SHELLEY Simmons, of the National Anti Vivisection Society (Letters, July 17) attacks the use of animals in research as "unreliable, unethical and unnecessary."

Mainstream medicine and science would certainly disagree with this extreme view.

Any serious and impartial study of medical history shows that studies using animals, far from being unreliable, have been crucial to most major medical advances.

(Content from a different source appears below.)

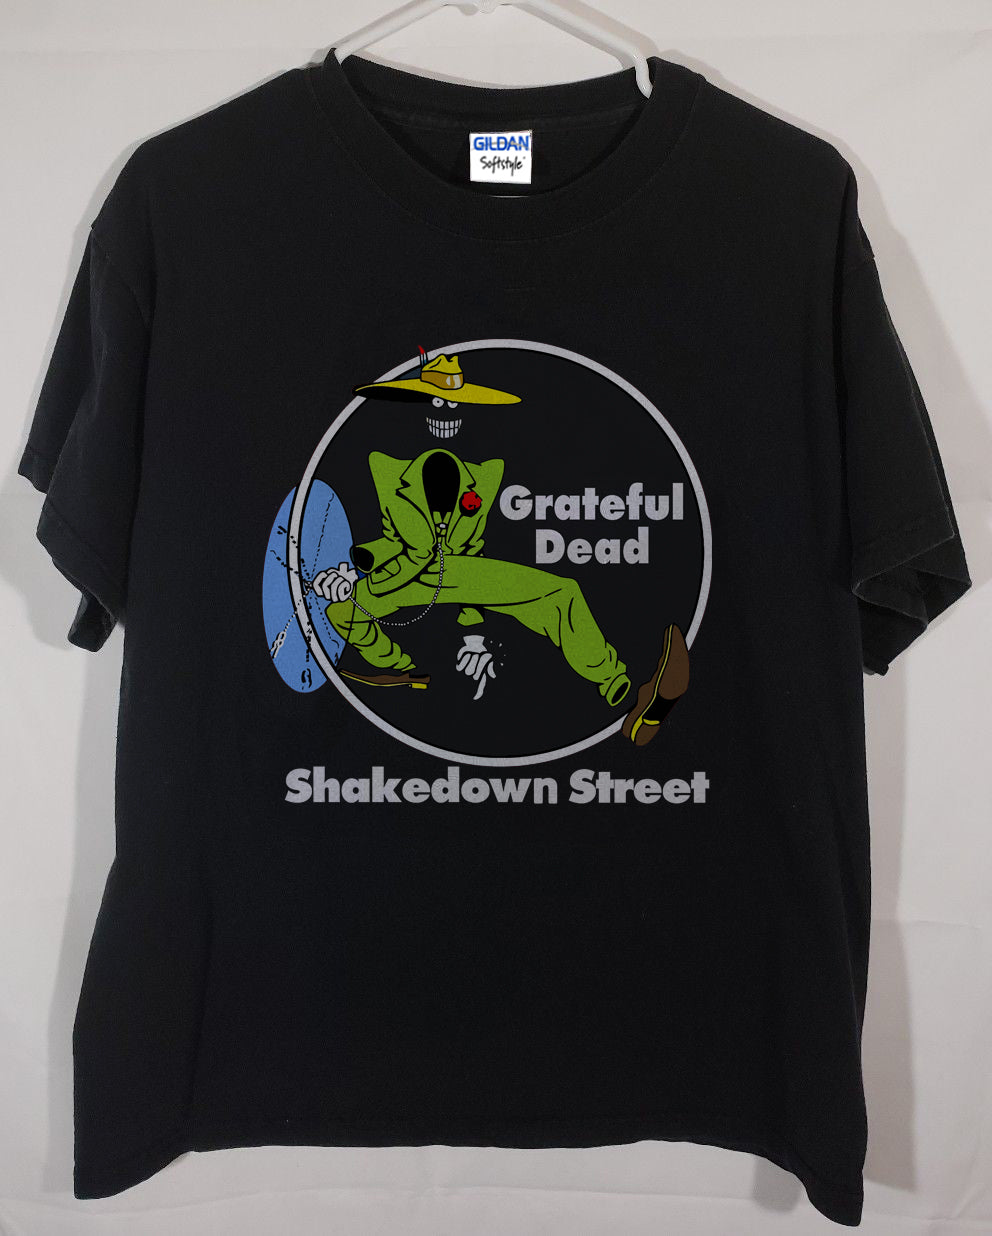 Vintage 1978 Grateful Dead Shakedown Street T-Shirt Tee

Many of the major medical advances of this century - vaccines, insulin, antibiotics, modern anaesthetics, kidney dialysis, heart pacemakers, etc - depended on the use of animals in research.

Of course, researchers should use non-animal methods wherever possible and animals must be used in minimum numbers and cared for properly. But this does not mean that animals are unnecessary for medical and scientific progress. Some will be needed in medical research for the foreseeable future.

If NAVS were to succeed in their objective of eliminating all laboratory animal use in medical research, the chance of finding better treatments for serious conditions such as cystic fibrosis, multiple sclerosis and Alzheimer's disease would be seriously affected.

Most people would see such an obstacle to life-saving research as unethical. In a straight choice between saving patients and saving animals, I think I know where most people would cast their ethical vote.

BARBARA DAVIES, Deputy Director, Research DefenceSociety, Great Marlborough Street, London W1.